◆ **Task to complete**
The required output is the lines below from the line containing "Calvin Klein sports" to the line containing "Les gens d'affaires", inclusive, retyped exactly. No other lines belong in it.

◆ **Data excerpts**
- Opening Delimiter -
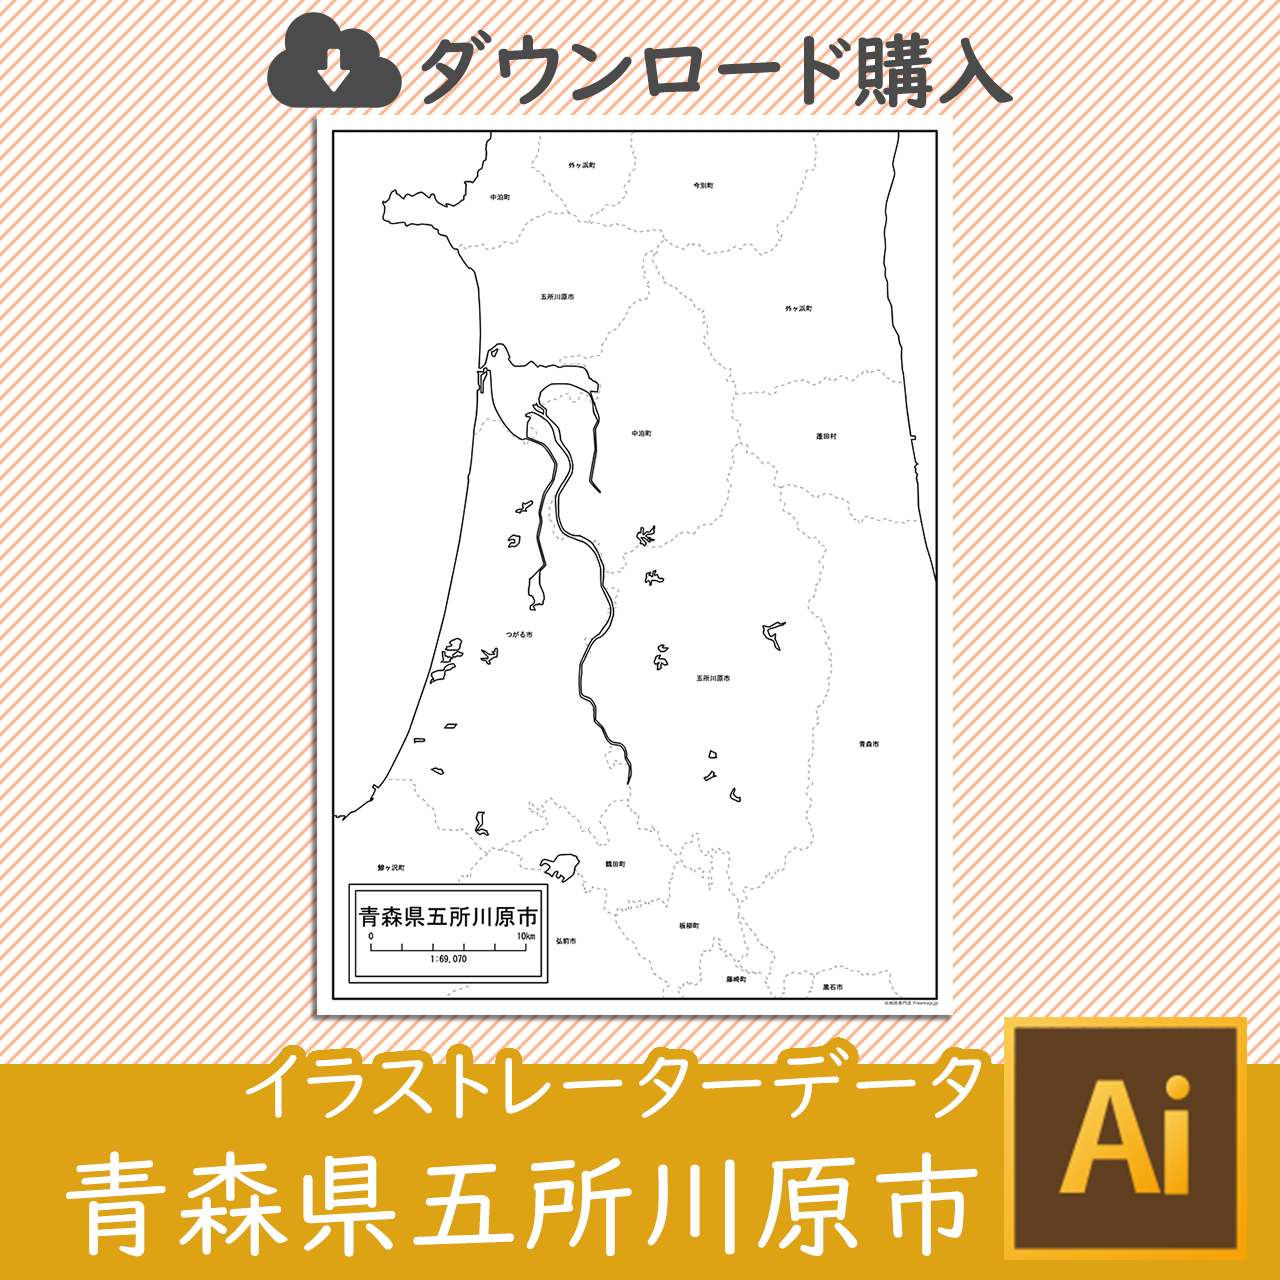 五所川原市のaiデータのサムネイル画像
- Closing Delimiter -
- Opening Delimiter -
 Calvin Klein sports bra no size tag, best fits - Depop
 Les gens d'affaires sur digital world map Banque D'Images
- Closing Delimiter -
- Opening Delimiter -
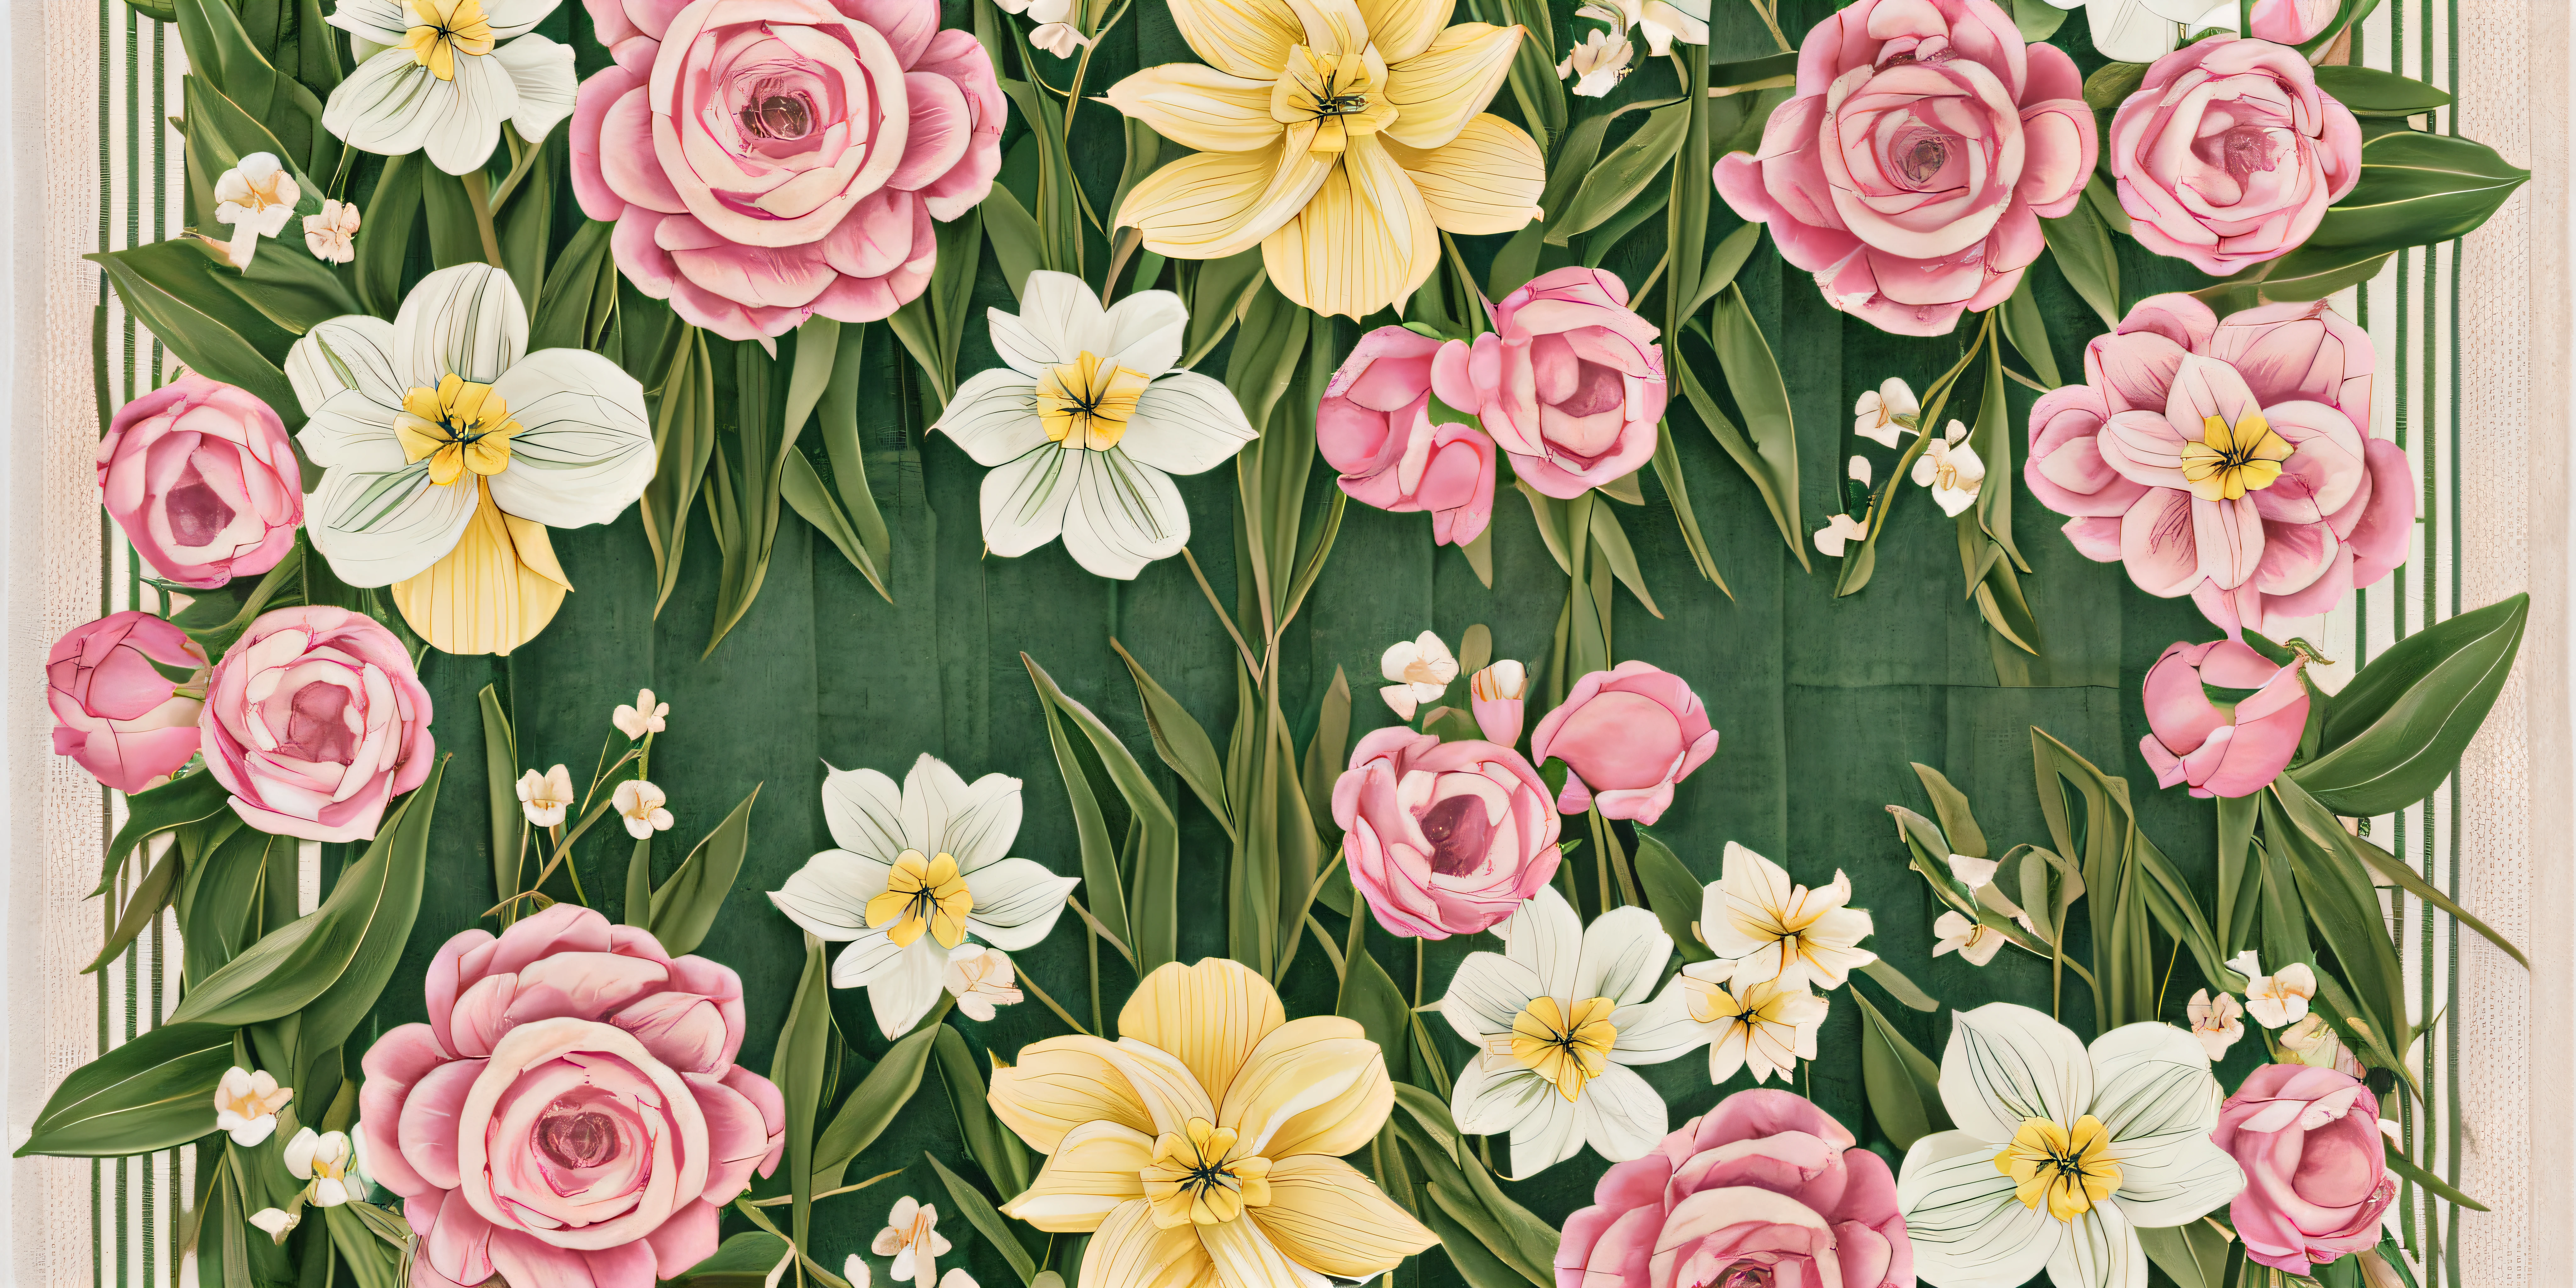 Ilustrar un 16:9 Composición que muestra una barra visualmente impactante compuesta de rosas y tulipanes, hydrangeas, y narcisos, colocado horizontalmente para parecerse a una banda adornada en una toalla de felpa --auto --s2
- Closing Delimiter -
◆ **Solution to this exercise**
 Calvin Klein sports bra no size tag, best fits - Depop
 Les gens d'affaires sur digital world map Banque D'Images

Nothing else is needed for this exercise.